- **WHAT THE TASK ASKS**: All lines before the one containing "2021 Mercedes-AMG GLE", plus that line itself, are to be printed exactly as they appear below.

- **INPUT**:
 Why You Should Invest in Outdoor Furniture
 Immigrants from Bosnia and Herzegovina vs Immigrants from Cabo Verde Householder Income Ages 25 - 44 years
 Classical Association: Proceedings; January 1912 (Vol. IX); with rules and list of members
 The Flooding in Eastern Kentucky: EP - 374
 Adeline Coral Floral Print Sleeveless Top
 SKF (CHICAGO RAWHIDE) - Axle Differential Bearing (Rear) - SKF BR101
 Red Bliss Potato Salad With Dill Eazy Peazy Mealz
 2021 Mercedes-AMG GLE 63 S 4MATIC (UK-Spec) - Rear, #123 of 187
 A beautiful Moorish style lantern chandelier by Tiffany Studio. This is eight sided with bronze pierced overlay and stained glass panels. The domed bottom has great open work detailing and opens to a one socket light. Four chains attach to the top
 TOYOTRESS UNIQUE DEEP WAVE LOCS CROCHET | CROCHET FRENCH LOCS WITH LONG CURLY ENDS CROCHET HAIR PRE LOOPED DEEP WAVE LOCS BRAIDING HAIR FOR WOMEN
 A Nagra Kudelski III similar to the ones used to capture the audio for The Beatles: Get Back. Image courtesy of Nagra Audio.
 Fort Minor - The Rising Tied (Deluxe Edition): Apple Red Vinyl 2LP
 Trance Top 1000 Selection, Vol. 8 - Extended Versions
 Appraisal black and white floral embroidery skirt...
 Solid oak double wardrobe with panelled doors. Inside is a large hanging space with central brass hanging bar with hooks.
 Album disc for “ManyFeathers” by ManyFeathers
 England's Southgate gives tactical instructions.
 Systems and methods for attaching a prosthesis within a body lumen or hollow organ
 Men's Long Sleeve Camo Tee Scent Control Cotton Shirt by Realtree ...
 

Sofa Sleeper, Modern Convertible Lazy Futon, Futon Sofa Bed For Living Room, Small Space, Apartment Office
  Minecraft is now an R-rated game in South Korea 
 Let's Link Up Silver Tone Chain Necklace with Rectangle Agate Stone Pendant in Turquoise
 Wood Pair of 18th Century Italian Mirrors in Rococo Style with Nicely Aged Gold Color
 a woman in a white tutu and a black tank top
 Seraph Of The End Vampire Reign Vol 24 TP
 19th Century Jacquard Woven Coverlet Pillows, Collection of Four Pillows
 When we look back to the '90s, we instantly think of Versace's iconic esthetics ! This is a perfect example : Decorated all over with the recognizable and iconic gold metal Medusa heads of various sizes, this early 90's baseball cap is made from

- **SOLUTION TO THE EXERCISE**:
 Why You Should Invest in Outdoor Furniture
 Immigrants from Bosnia and Herzegovina vs Immigrants from Cabo Verde Householder Income Ages 25 - 44 years
 Classical Association: Proceedings; January 1912 (Vol. IX); with rules and list of members
 The Flooding in Eastern Kentucky: EP - 374
 Adeline Coral Floral Print Sleeveless Top
 SKF (CHICAGO RAWHIDE) - Axle Differential Bearing (Rear) - SKF BR101
 Red Bliss Potato Salad With Dill Eazy Peazy Mealz
 2021 Mercedes-AMG GLE 63 S 4MATIC (UK-Spec) - Rear, #123 of 187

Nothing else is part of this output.